Västgötaspets (Swedish vallhund) – Group V FCI, section 3, reference number 14
Country of origin: Sweden
Character: perceptive, energetic and alert; he is distrustful of strangers; excellent watchman; sometimes barking
Size: dogs 33 cm, bitches 31 cm (+2 cm / -1 cm).
Weight: 11-16 kg (dogs usually weigh around 14-15 kg, bitches are slightly lighter)

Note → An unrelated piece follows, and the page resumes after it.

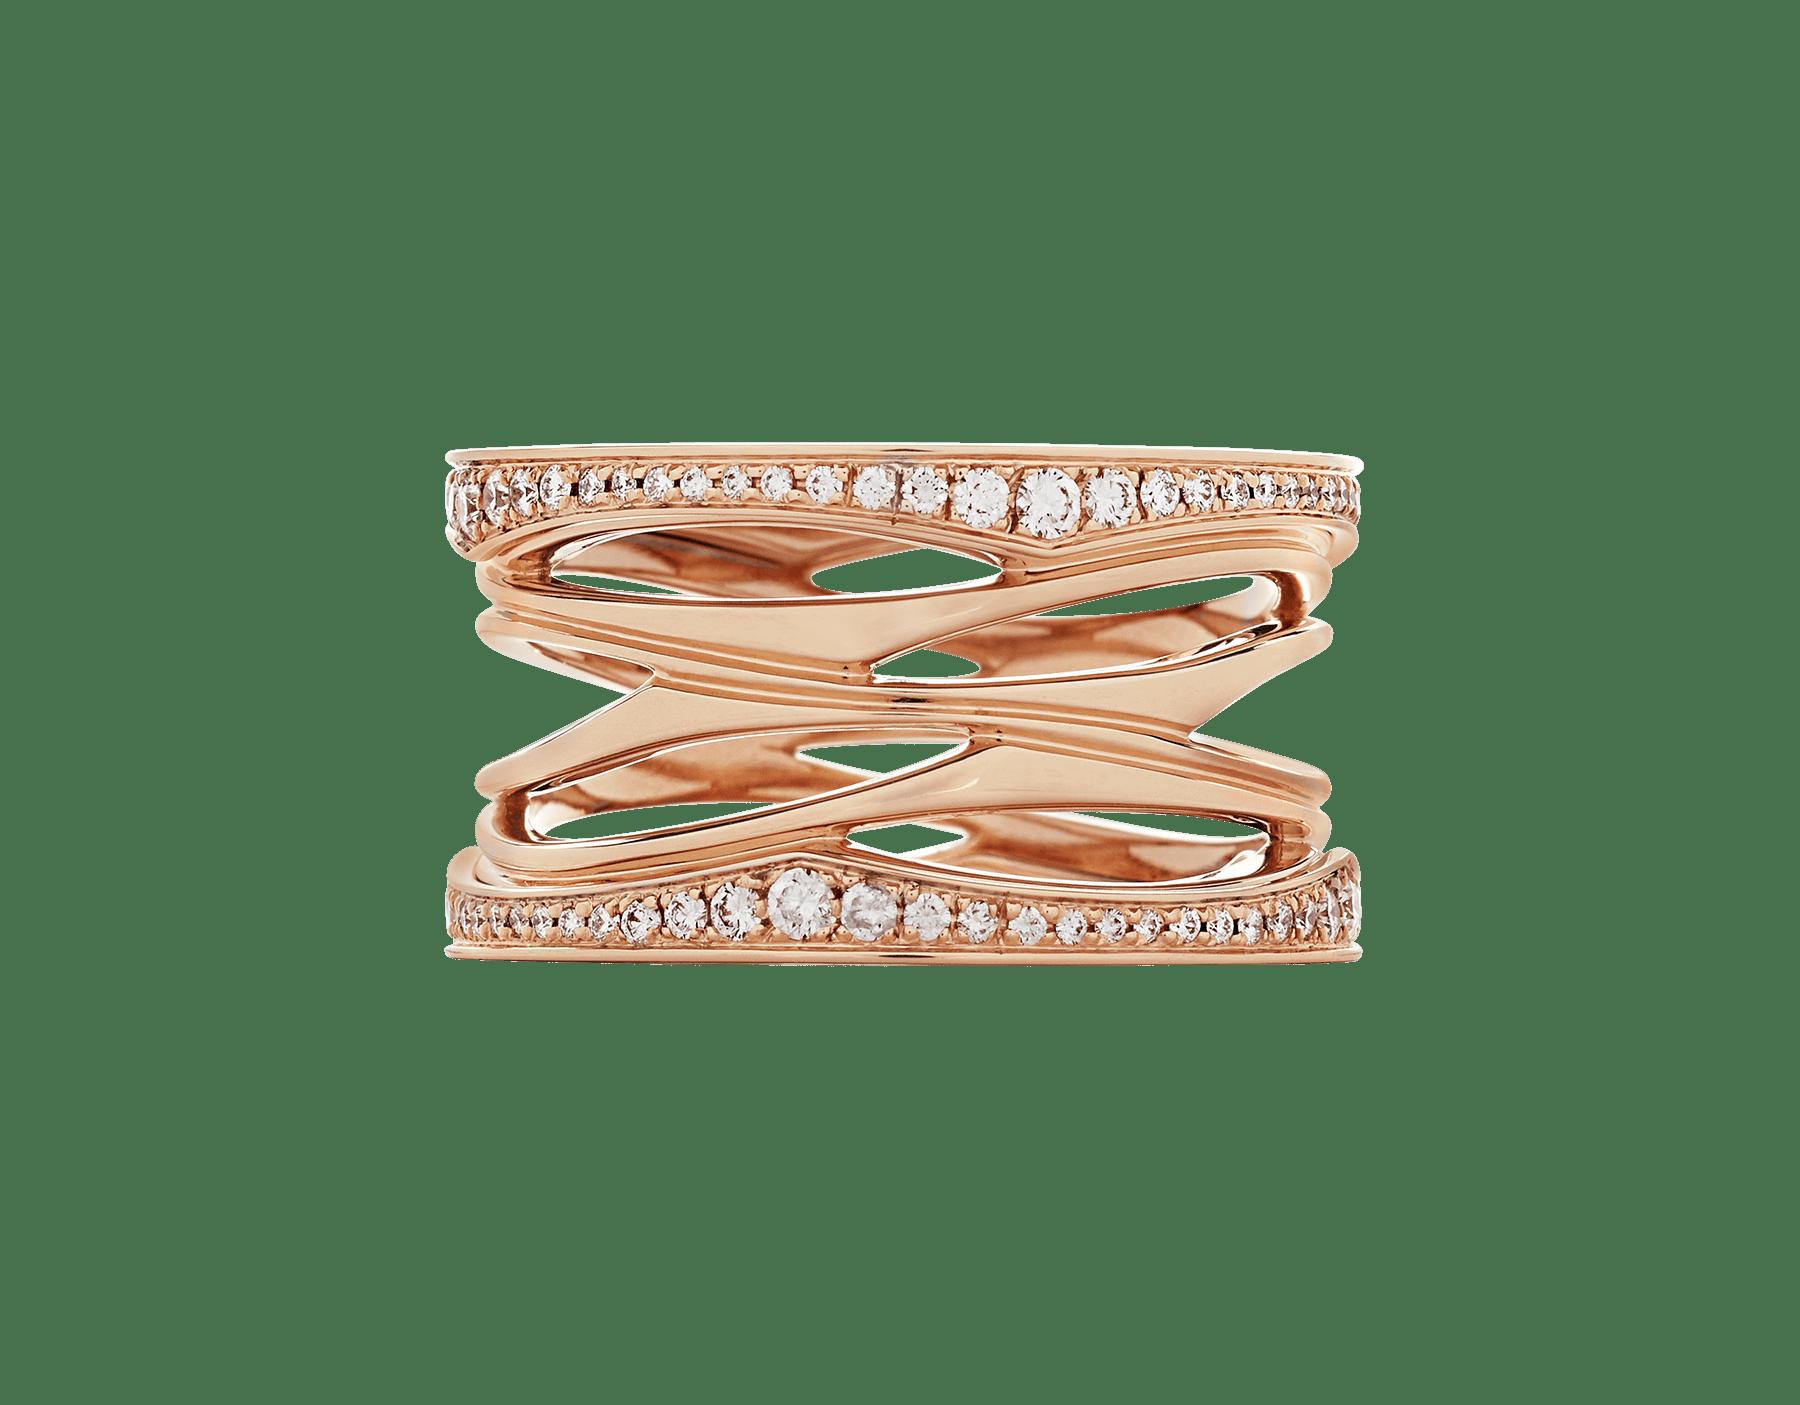 Anel B.zero1 Design Legend de 4 aros em ouro rosa 18K cravejado com pavê de diamantes nas bordas. B-zero1-4-bands-AN858125 image 3
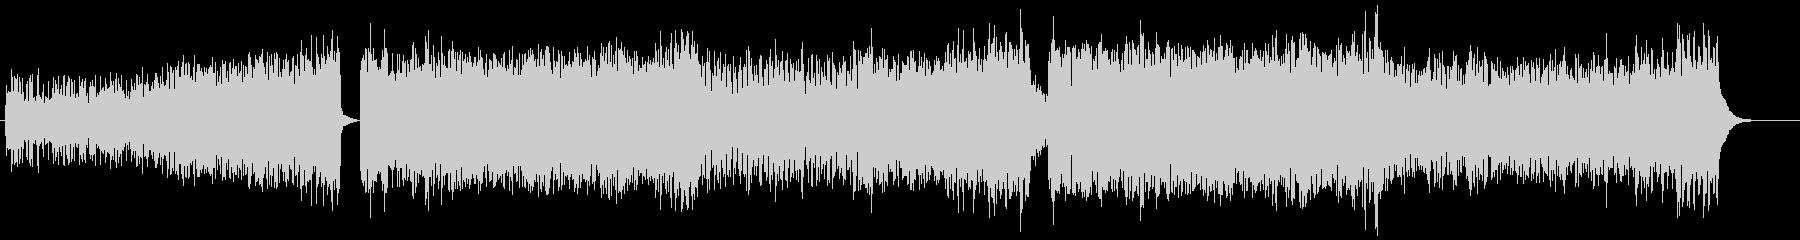 ハイテンションアゲアゲ系UKハードコアの未再生の波形

Coat: short, two-layered: straight, stiff, dense and close-fitting topcoat and dense and soft undercoat; shorter hair on the head and front of the limbs; may be longer on the neck, chest and back of the hind legs
Color: wolfberry in various shades: gray, gray-brown, gray-yellow and reddish-brown; lighter in the same shade of hair may appear on the muzzle, neck, chest, abdomen, buttocks, paws and metatarsus; darker topcoat on the neck, back and sides of the torso; desirable lighter shades on the shoulder blades, the so-called harness, and lighter cheeks (a black mask is also allowed); white is allowed as a small arrow, a spot on the neck or collar, as well as on the chest and feet, but socks should not reach more than half the length of the limb
Lifespan: 15 years
Vulnerability to training: high
Activity: high, but run out at home, behaves calmly
Resistance/susceptibility to diseases: resistant to weather conditions; healthy, hip dysplasia and eye diseases are rare
Possibility to buy a puppy: for now only abroad
Some Swedish vallhund are born with a naturally short tail, but it may not be at all or it may be of different length.
This is a trait found in many shepherd breeds, including Pembroke Welsh Corgi , with whom vallhund are related. It is conditioned by the dominant gene, i.e. if one of the parents has a shortened tail, statistically half of the puppies can inherit it.